• [WHAT TO WORK ON] All records, exactly as written, minus the pictures: copy them out.

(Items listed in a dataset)
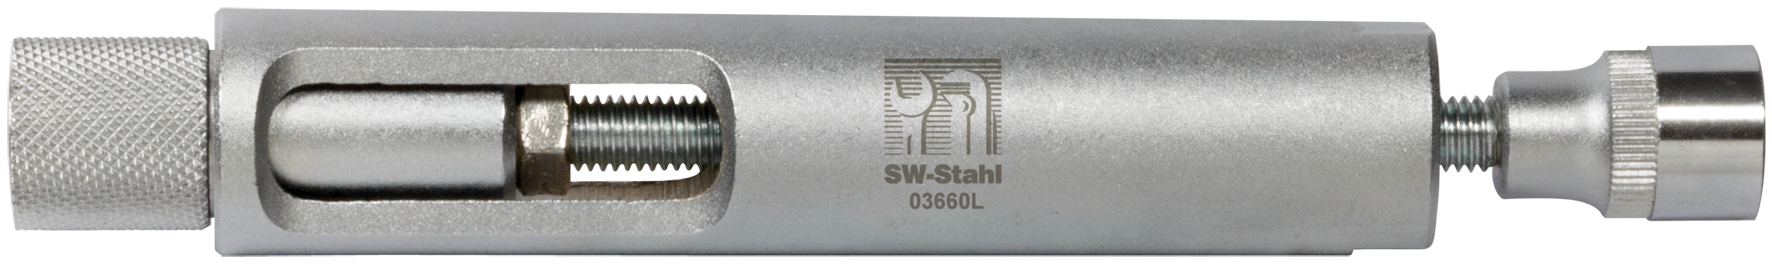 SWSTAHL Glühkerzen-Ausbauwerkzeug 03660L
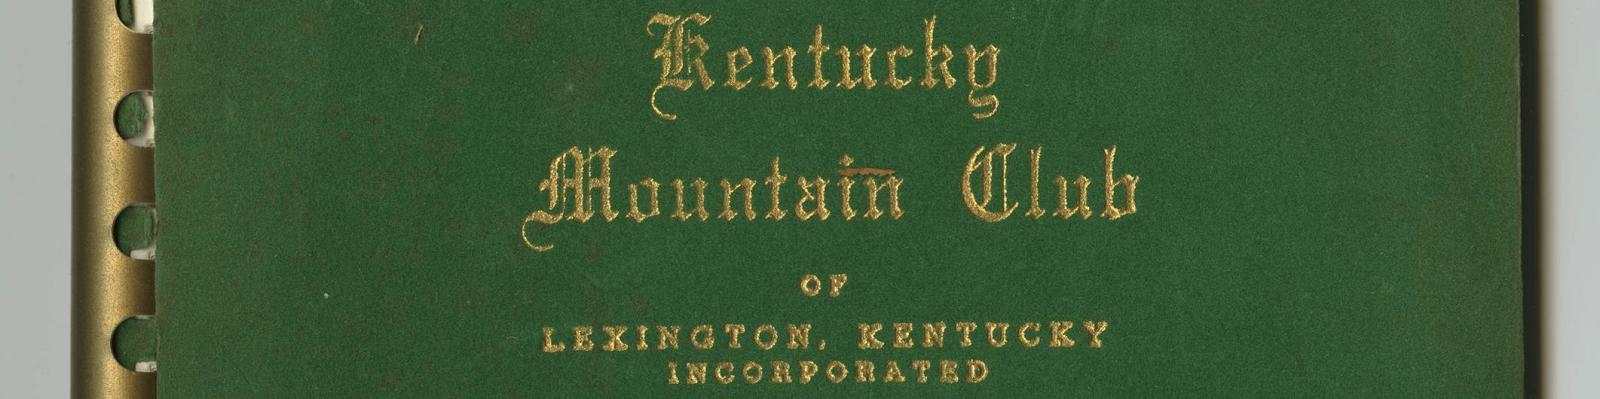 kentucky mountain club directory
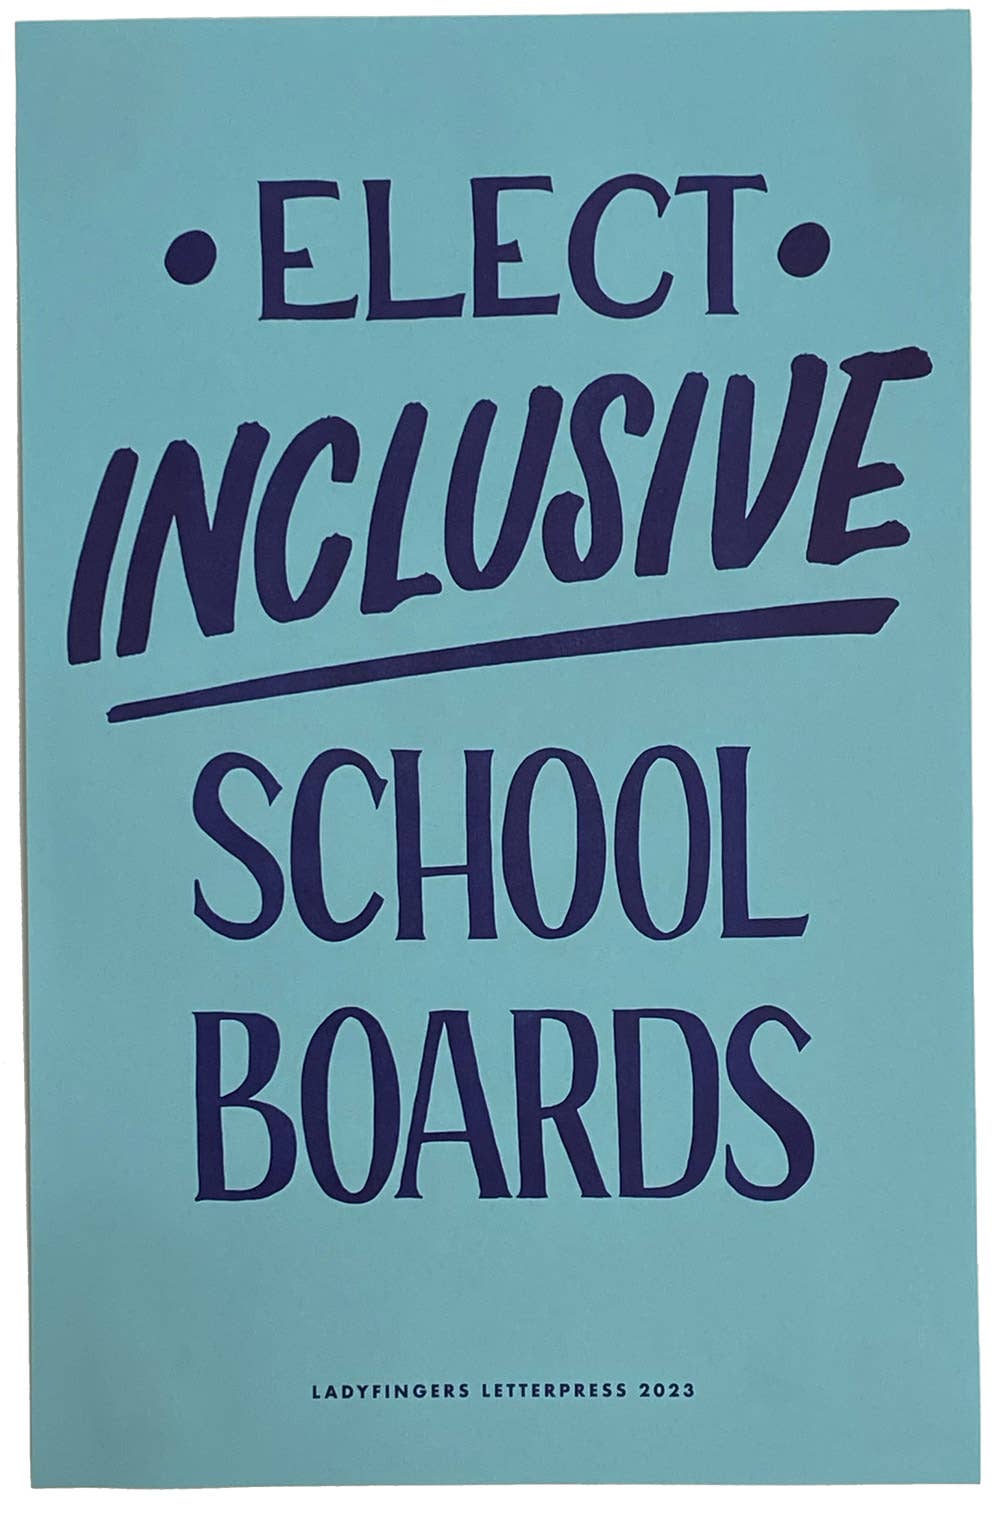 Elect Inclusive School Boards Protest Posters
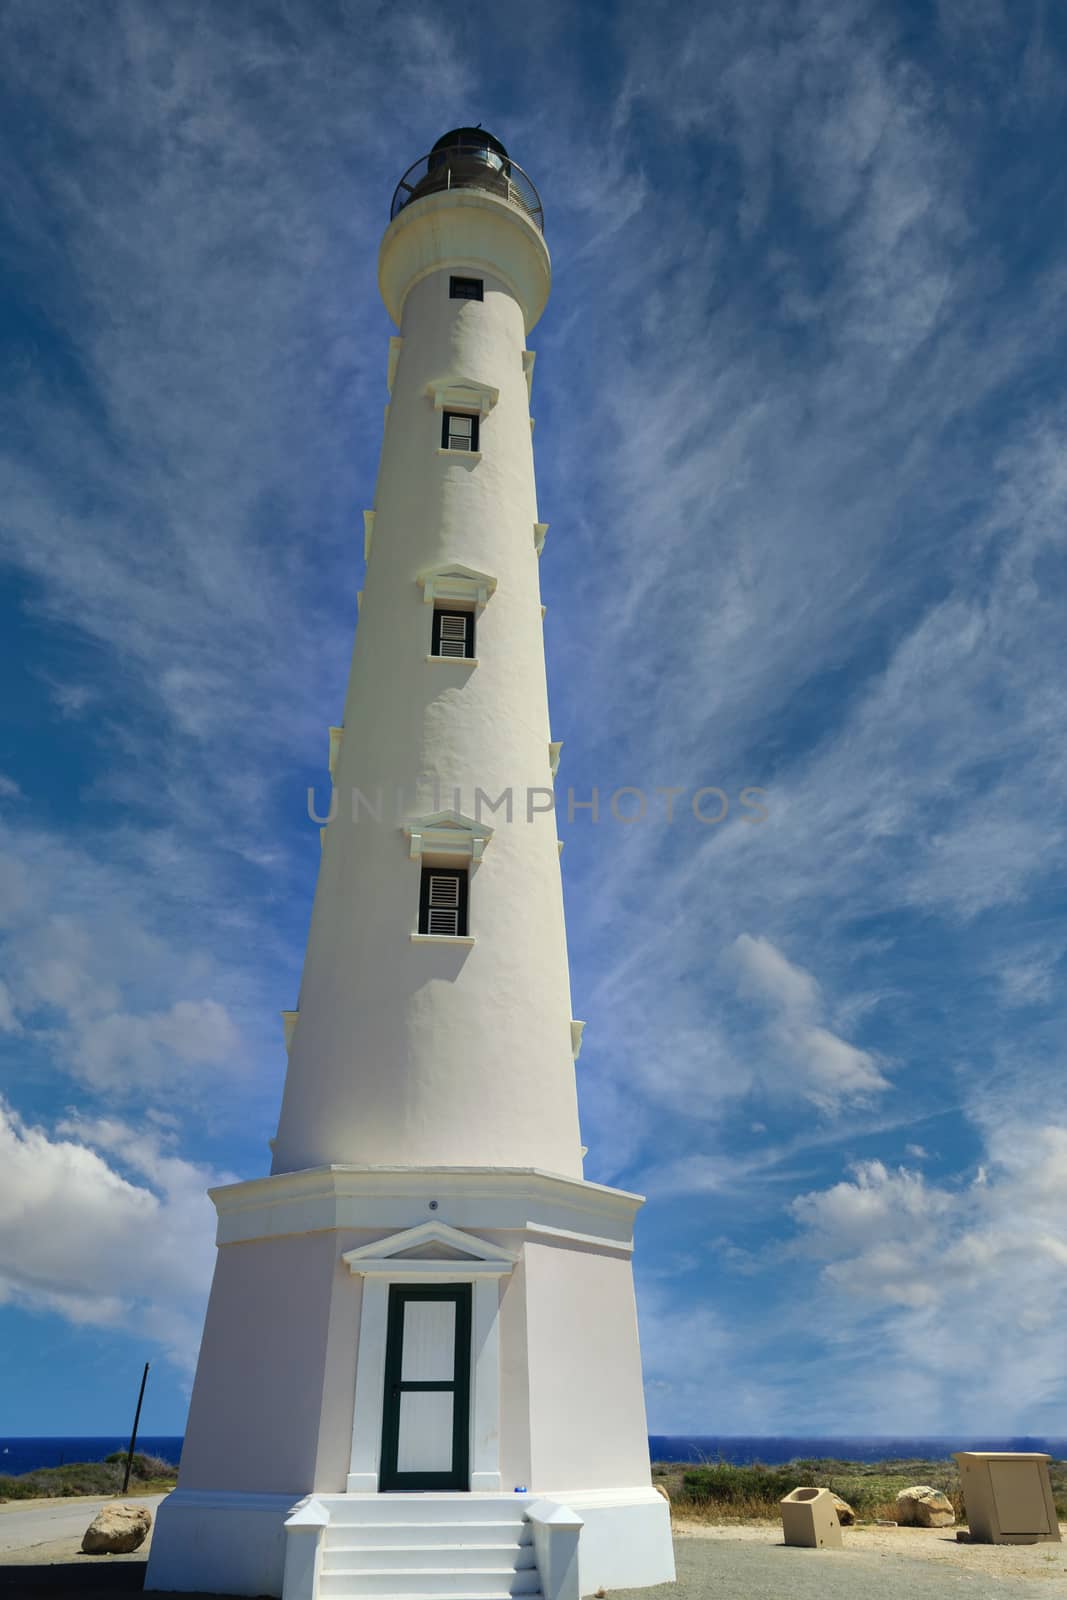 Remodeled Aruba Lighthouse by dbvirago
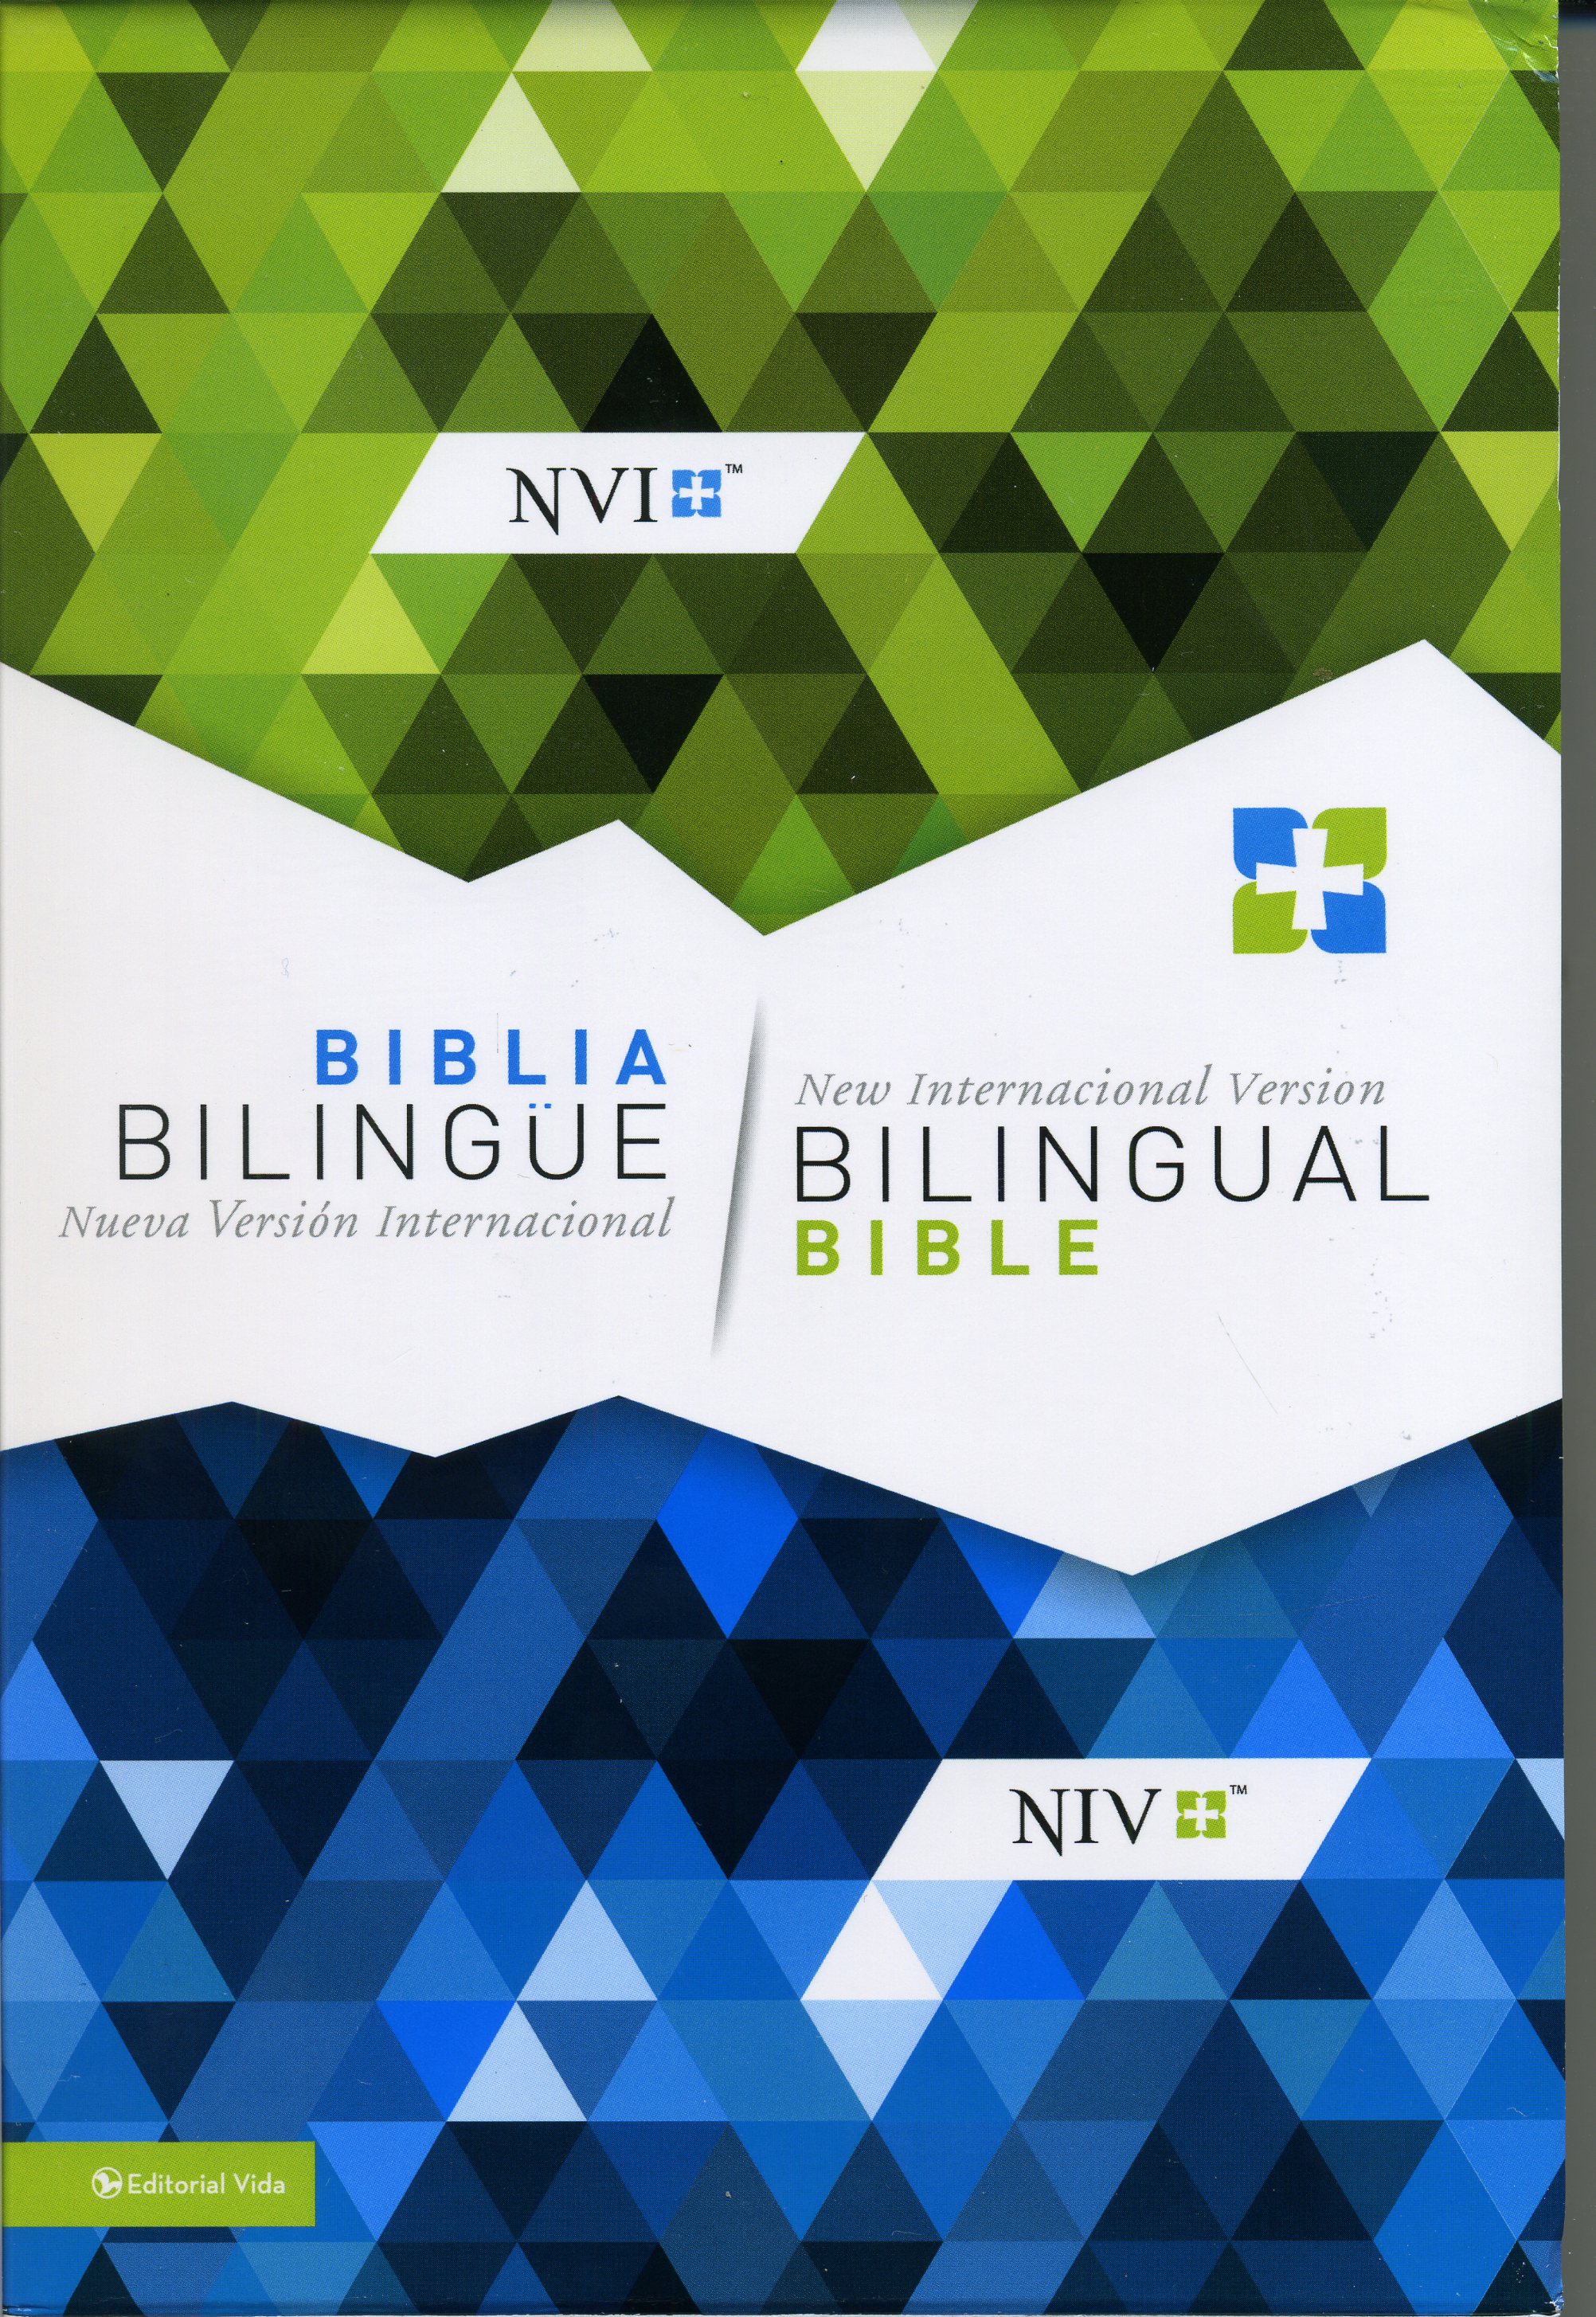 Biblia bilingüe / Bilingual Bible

• [OUTPUT OF THE TASK]
 SWSTAHL Glühkerzen-Ausbauwerkzeug 03660L
 kentucky mountain club directory
 Elect Inclusive School Boards Protest Posters
 Remodeled Aruba Lighthouse by dbvirago
 Biblia bilingüe / Bilingual Bible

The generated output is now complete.